В последний раз бросив взгляд на беснующиеся внизу волны, я с неохотой развернул квадроцикл и погнал его обратно к фабрике, чьи бесчисленные огни на фоне темнеющего свинцового неба выглядели как звездное скопление. Через минуту я выбрался на протянувшуюся вдоль берега дорогу и поддал газу, наслаждаясь последними мгновениями дикой свободы перед скорым возвращением домой.
Где я там смог бы вот так запросто взять и поехать кататься на квадрике? Только по выделенным дорожкам в одном-двух парках, напялив ярко-оранжевые жилет и шлем, аккуратно соблюдая скоростной режим улитки-пенсионера и рискуя нарваться на штраф за малейшее отклонение от разрешенного маршрута. Неудивительно, что желающих «развлечься» подобным образом находилось немного, от простой пробежки адреналина и то, пожалуй, больше получаешь.

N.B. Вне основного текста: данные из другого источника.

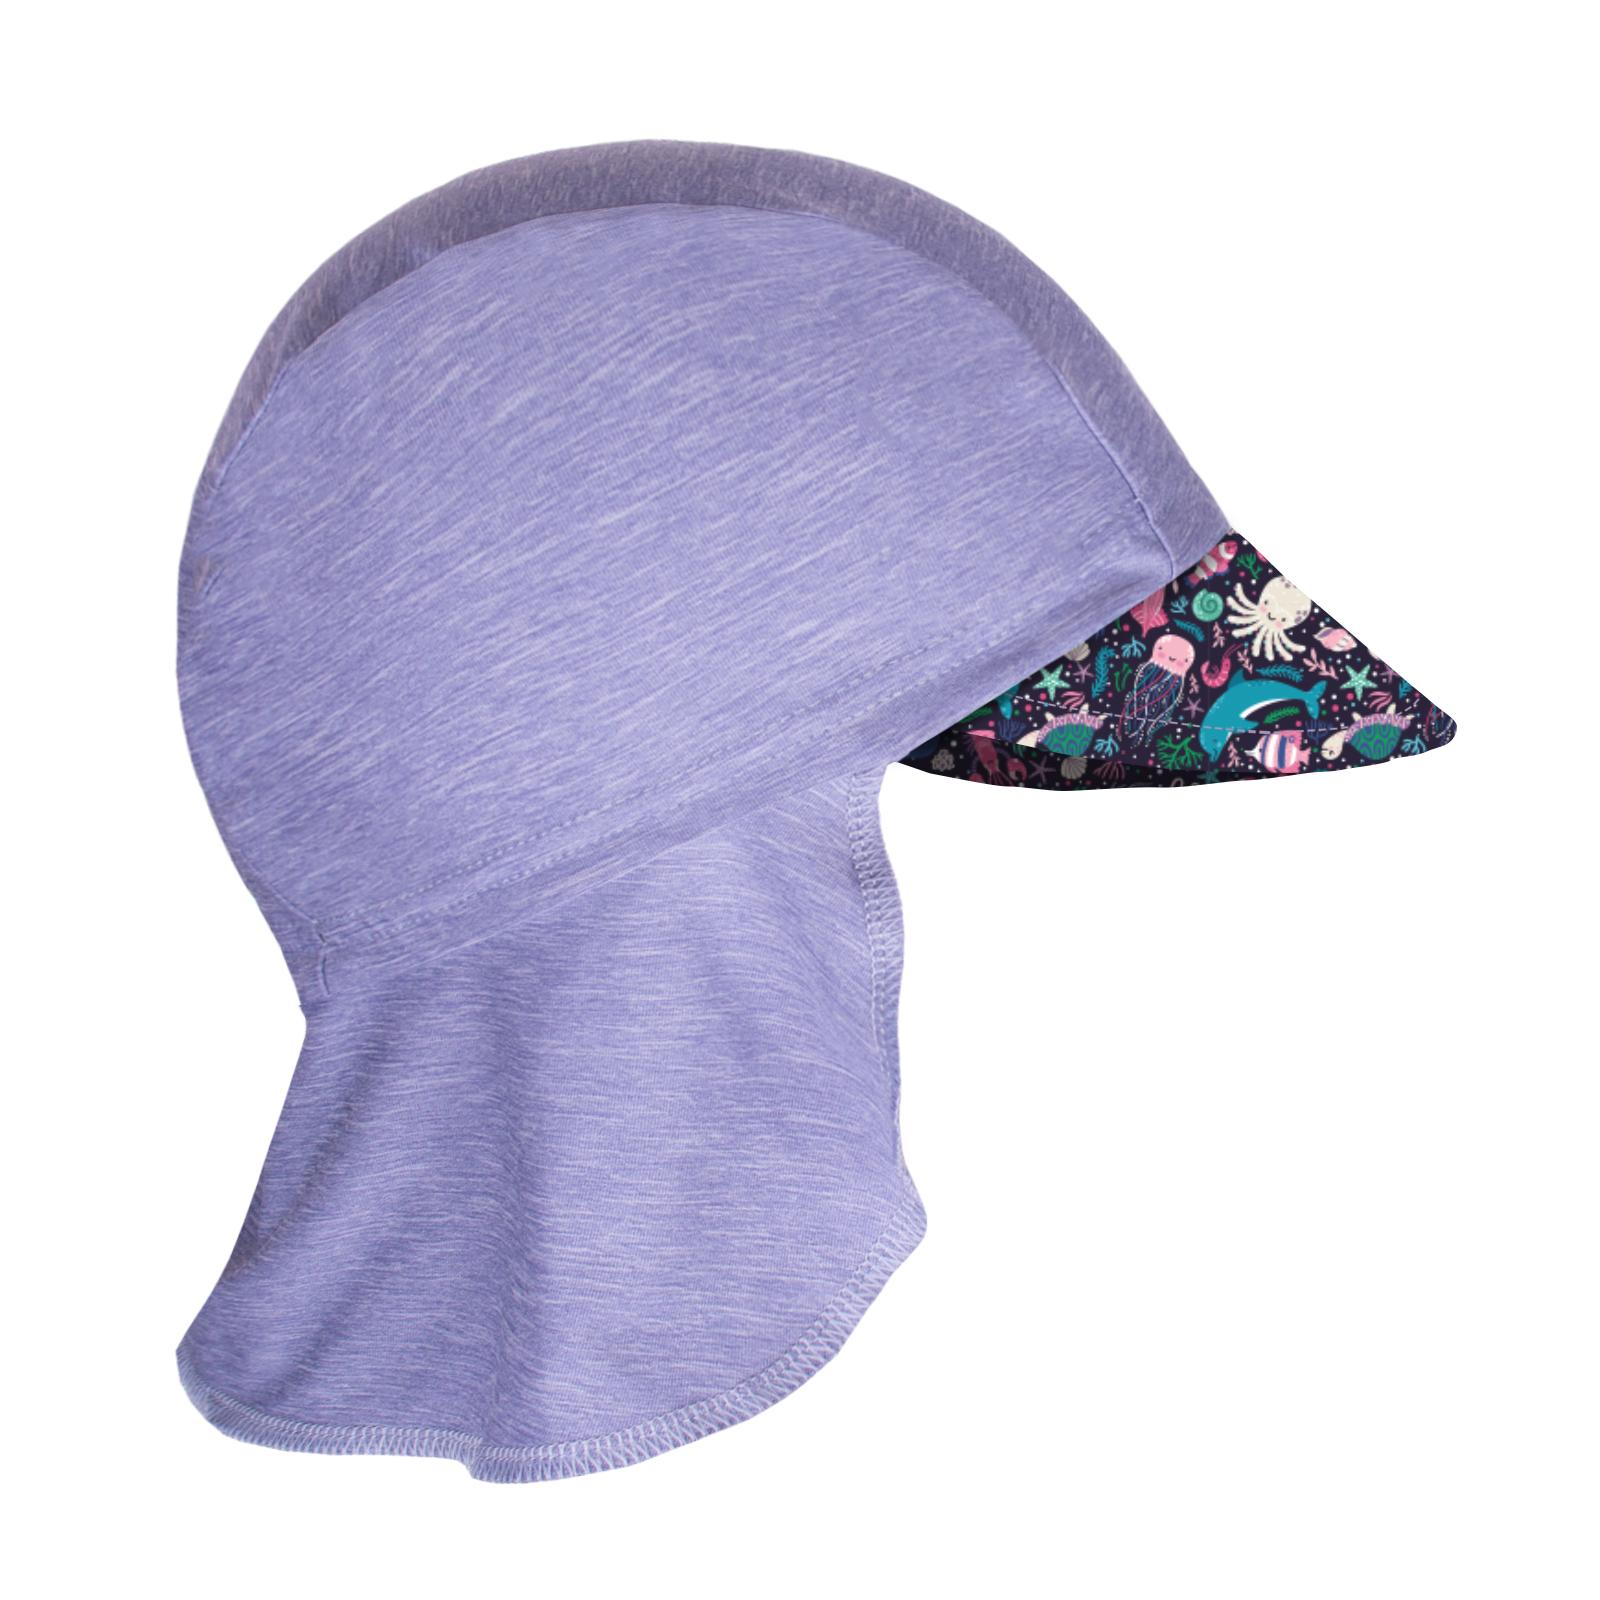 Unuo, Dětská funkční čepice s kšiltem a plachetkou UV 50+, Žíhaná Holubičí Šedá, Mořský svět Velikost: XS (42 - 44 cm)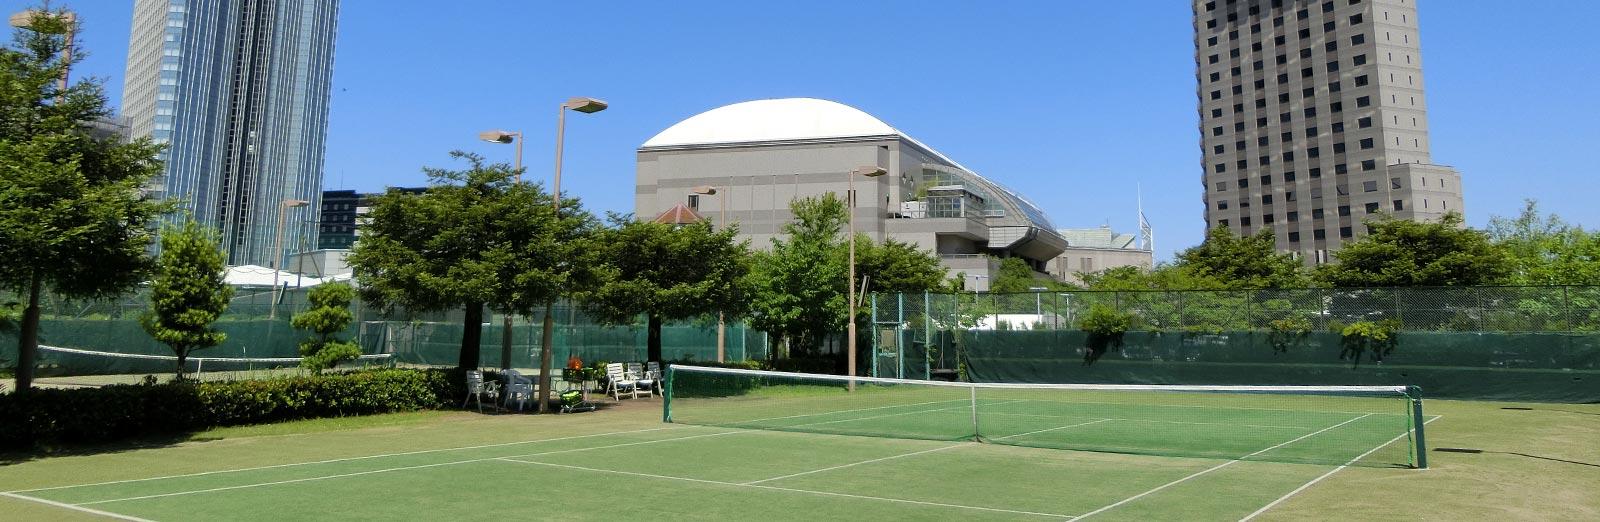 Ken'sテニスパークホテルニューオータニ幕張校

Здесь же, за Стеной, человеку предоставлялась практически полная свобода, обратной стороной которой, впрочем являлся тот факт, что забота о безопасности также полностью ложилась на его собственные плечи, и тяжелая кобура с пистолетом на правом боку недвусмысленно об этом напоминала. Володя, конечно же, заверил меня, что оружие может понадобиться разве что бродячих собак отгонять, но поначалу я немного струхнул и хотел даже отказаться от выезда за территорию, но потом все же решил рискнуть. И не прогадал. Обнажать ствол мне так ни разу и не пришлось.
Руки сами вели машину по уже привычному маршруту, а я тем временем перебирал в уме те нелепые стереотипы, касавшиеся жизни за Стеной, что оказались разрушены за время моей относительно недолгой командировки.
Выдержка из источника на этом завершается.